Our ride into Marrakesh was unremarkable. Our original intention was to try to find a place outside of the medinas and then ride in one day to visit the souks, thus avoiding the hustlers. But we found that all the accommodations were so expensive. It really was cheaper to stay in the old city, I think because the hotels in the modern areas of the city were frequented by people on business with bigger budgets and corporate expense accounts. So it was back to the medinas with the rest of the backpackers and vacationers.
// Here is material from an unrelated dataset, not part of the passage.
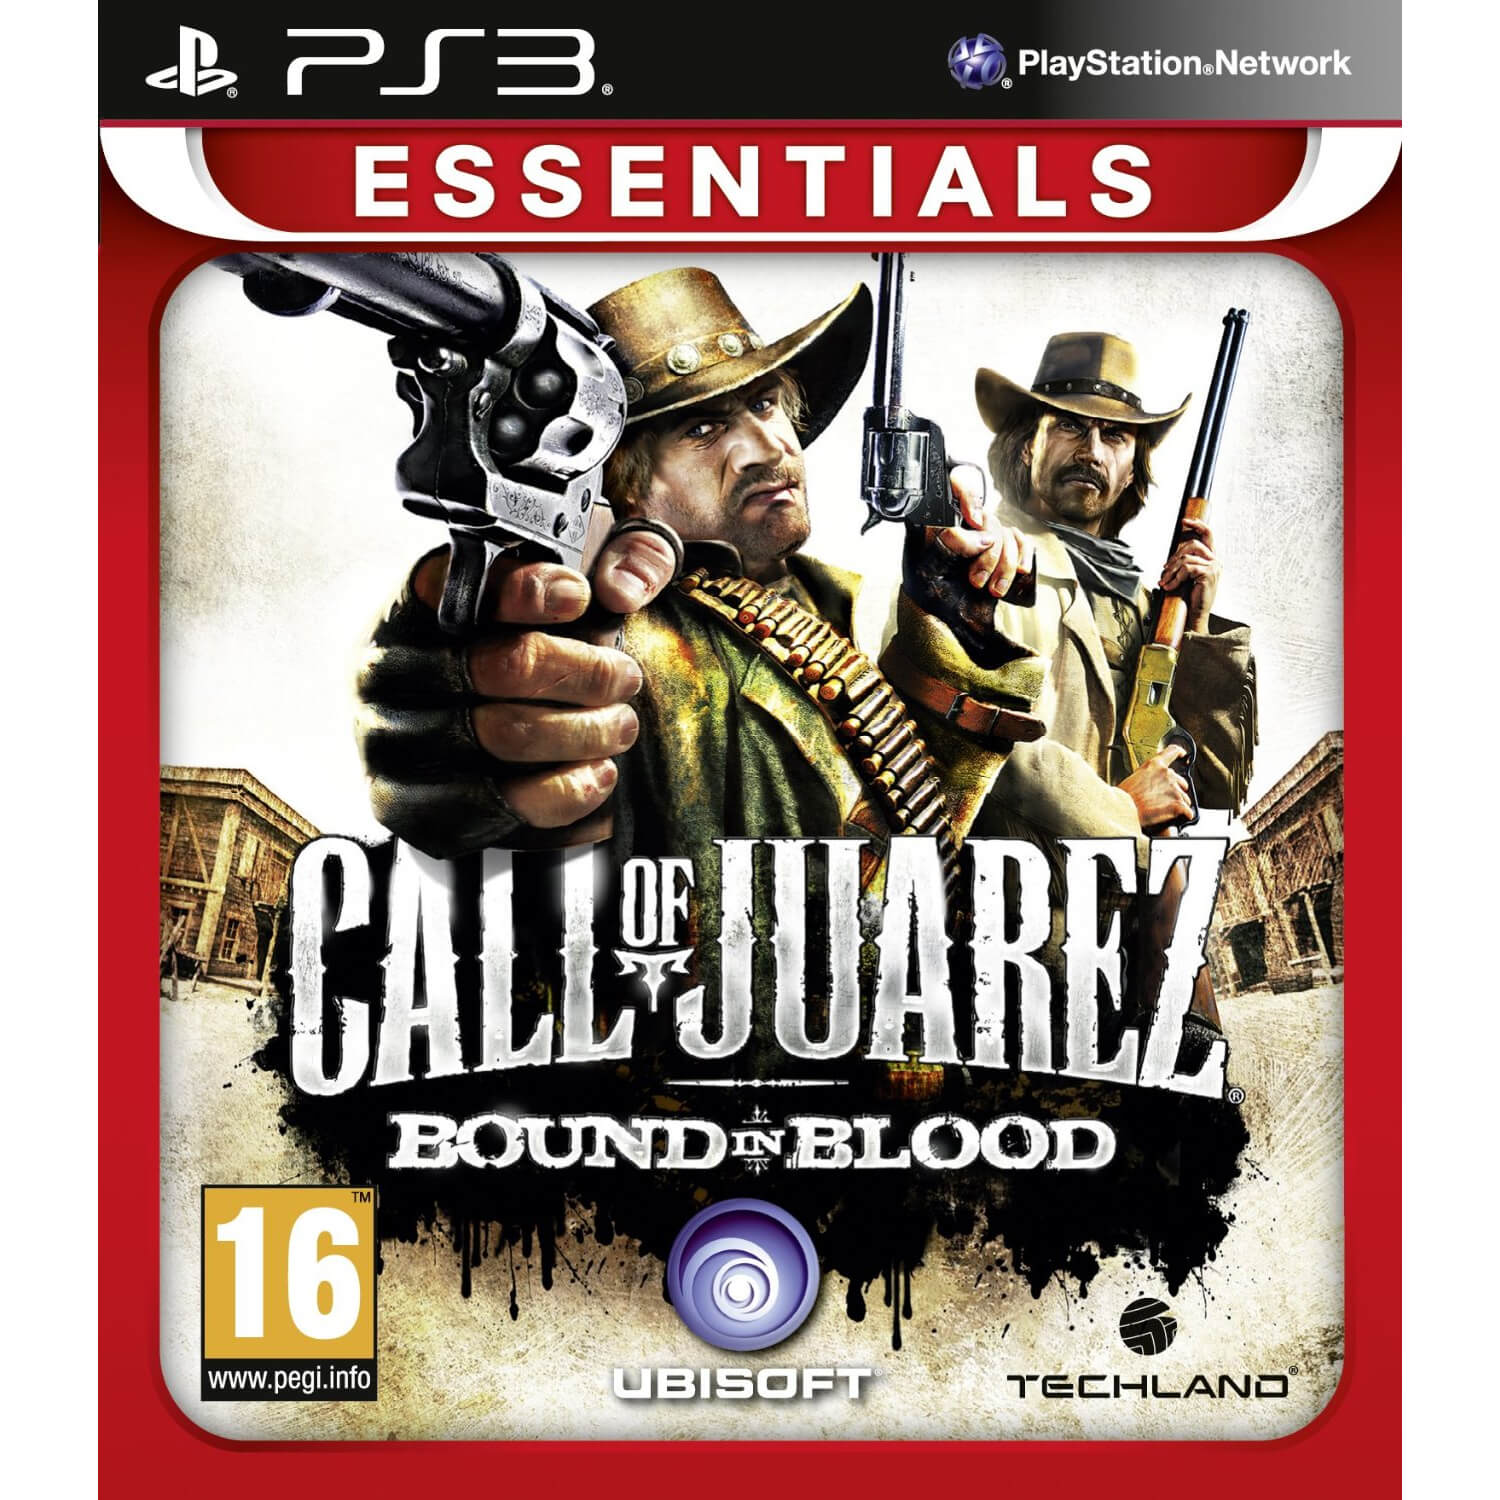  Joc PS3 Call of Juarez: Bound in Blood (Essentials)

Like before, we had to park outside the walls of the old city and I dove in on foot while Neda watched the bikes. I made a mistake not getting the exact GPS co-ordinates of our riad in Marrakesh before arriving. All I had was a Google Map location which maybe gets you in the right time zone when it comes to navigating in the medinas of Morocco... Lost in the labyrinths of Marrakesh, I couldn't find the place where we were staying and against my inclinations, I had to enlist the help of one of the touts waiting for business. But not before negotiating a price.

After some walking around, it seemed my young guide did not know where the riad was, but he flagged down another guy on a motorcycle who seemed to know and the guy on the bike motioned for me to get on the back seat. The riad should have been close by and I didn't want to pay extra for a ride, so I declined and followed his bike on foot. Our guesthouse was only a few hundred meters away and at the door of the riad, I settled up with the first guy who I asked for directions.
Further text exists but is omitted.